The species richness of ectomycorrhizal (ECM) fungal communities often far exceeds the richness of their host plant communities (Bruns, 1995; Horton & Bruns, 2001; Taylor, 2002), but little is known about how such species richness is maintained. In communities structured at least in part by competition, partitioning by the species of various niche axes, including space and time, is thought to contribute to species coexistence and thus the maintenance of richness (Bruns, 1995). Spatial partitioning by ECM fungal species may occur as a consequence of spatial variation in soil parent material (Gehring et al., 1998), soil organic matter content (Harvey et al., 1987), litter quality (Goodman & Trofymow, 1998; Conn & Dighton, 2000), soil moisture content (O'Dell et al., 1999), soil fertility (Sagara, 1995; Lilleskov et al., 2001), and as a consequence of distinct forest floor layers or soil horizons (Malajczuk & Hingston, 1981; Dickie et al., 2002; Landeweert et al., 2003; Rosling et al., 2003; Genney et al., 2006).

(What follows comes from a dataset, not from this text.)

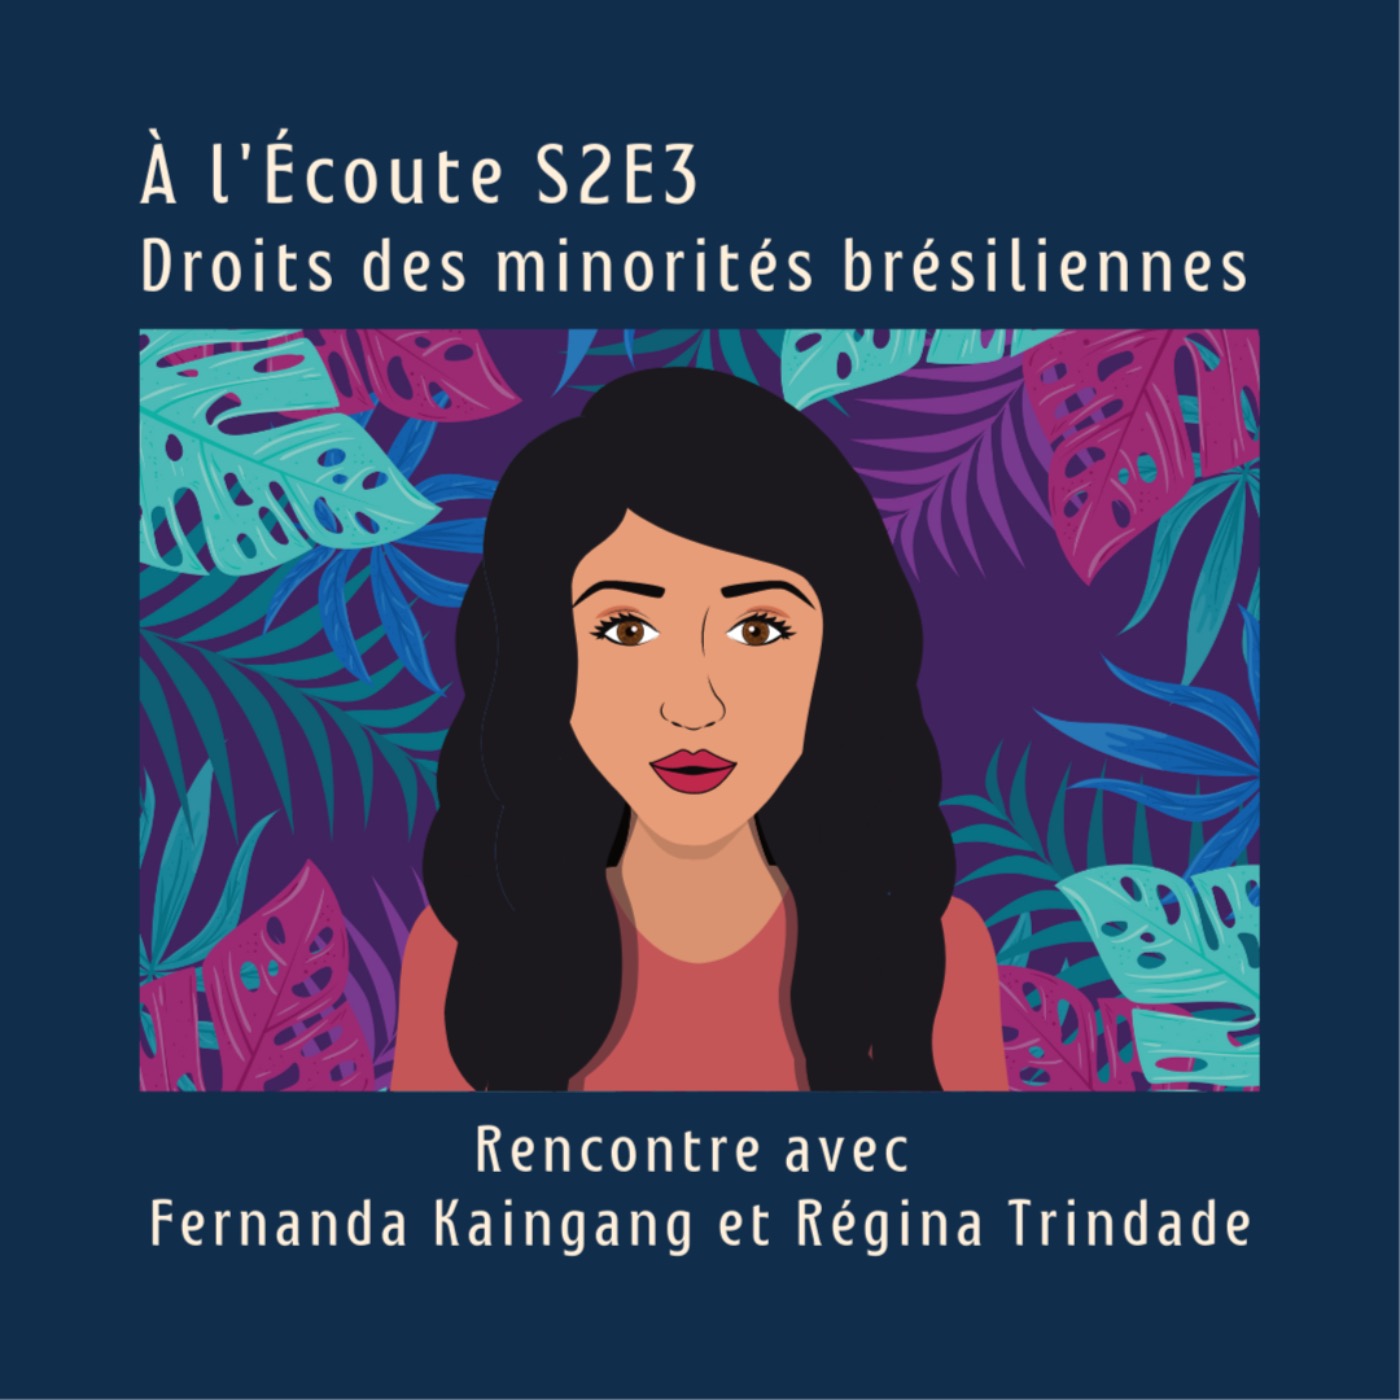 S2E3 - Les droits des minorités brésiliennes
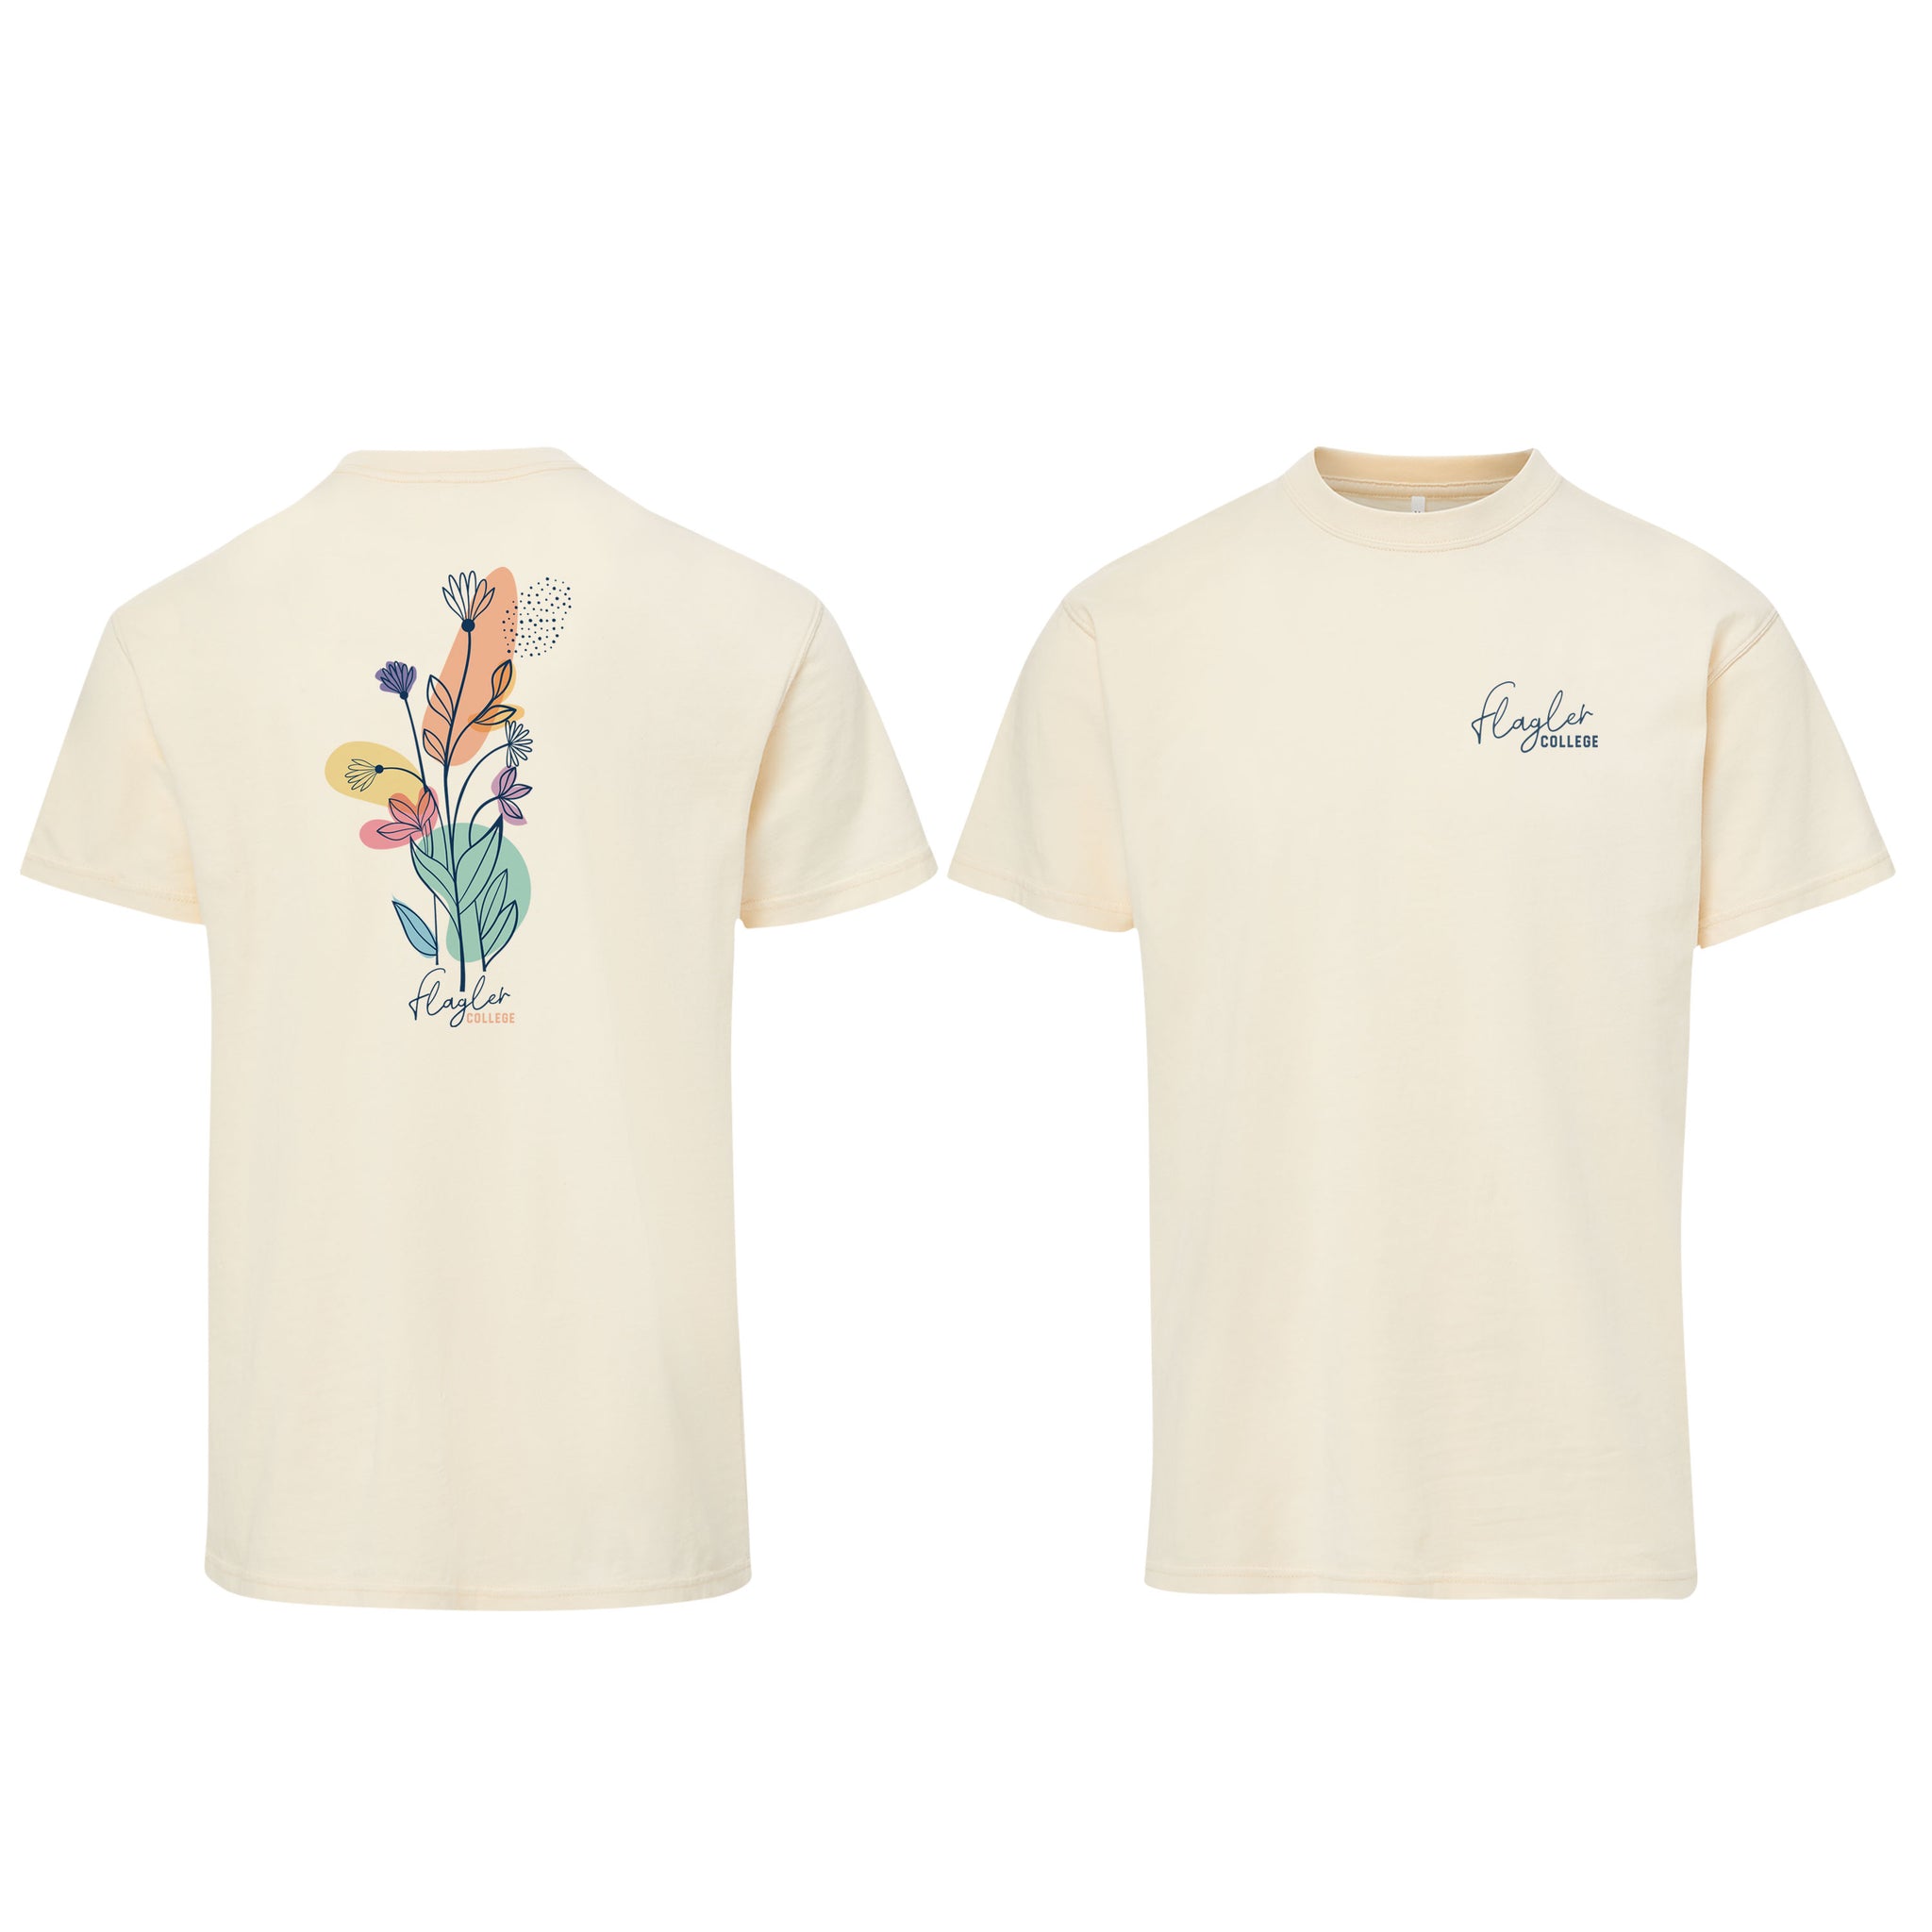 Floral Back Flagler College T-Shirt

By temporal partitioning we are not referring to successional changes in species composition occurring over periods exceeding a year (Mason et al., 1983; Visser, 1995; Nara et al., 2003), which is evidence for the absence of stable species coexistence. Instead, temporal partitioning is a mechanism that promotes stable species coexistence by reducing the likelihood of competitive exclusion, such as when species are active at different times of year. Such temporal partitioning by species or species groups occurs within soil bacterial communities (Bossio et al., 1998; Smit et al., 2001), but there is little direct evidence for temporal partitioning within ECM fungal communities. There are many observations that species of higher fungi fruit at different times of the year (Giachini et al., 2004). However, we are unaware of any study documenting contrasting intra-annual patterns of activity of ECM fungi.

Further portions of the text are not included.